Papers

Train Faster, Generalize Better: Stability of Stochastic Gradient Descent (Hardt 2016)

Nut graf: fast training prevents overfitting, and a mathematical way to state this.

Background

Recall a $\textbf{defintion}$ : Let $\mathcal{D}$ be the training data, and assume both $\mathcal{D}$ and the test data are generated by draws from the same distribution $X$ . Let $e(w; x)$ be the error incurred by a model parametrized by $s$ on a set of samples $x$ , where each sample is drawn from $X$ . The $\textbf{generalization error}$ is defined as

$\E[e(w; x)]- e(w; \mathcal{D}), \quad x \sim X, \quad x \notin \mathcal{D}.$

The former term is the population risk and the latter term is the empirical risk.

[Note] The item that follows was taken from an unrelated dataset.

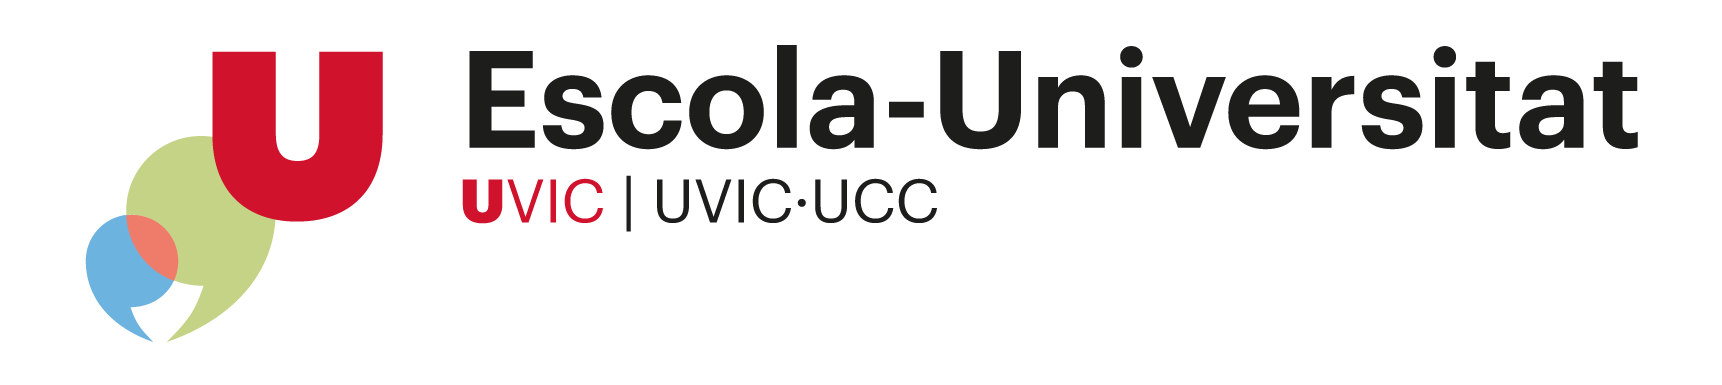 Escola Universitat Logo

If the weights $w=A(S)$ , $S$ a sample, $A$ a randomized function, then the expected generalization error is defined as the expectation of the generalization error, taken over the randomness in $S$ and $A$ . And if two samples $S$ and $S'$ differ in at most one example, then $A$ is $\epsilon$ - $\textbf{uniformly stable}$ if

$\sup_{z}\E_{A}[f(A(S); z) - f(A(S'); z)] \leq \epsilon,$

where $f$ the loss function evaluated at $z$ . Key idea: such an algorithm has generalization error bounded by $\epsilon$ .

Results

The key results are stability bounds for the application of SGD to $\beta$ -smooth, $L$ -Lipschitz, convex functions and certain classes of nonconvex functions. The results for the former require each step size to be bounded by $\approx 1/\beta$ . The results for the latter require that the function lie in $[0, 1]$ , is L-Lipschitz, and $\beta$ -smooth, and that the sequence of step sizes is inversely related to the step number.

The upshots are cool: regularization, gradient clipping, dropout, proximal steps, and model averaging all improve the authors’ bounds.

Commentary

Are machine learning loss functions often Lipschitz and smooth? Is this too stringent of an assumption?
Again, are the assumptions made for the nonconvex case reasonable?
It’s cool that the bounds match empirical findings.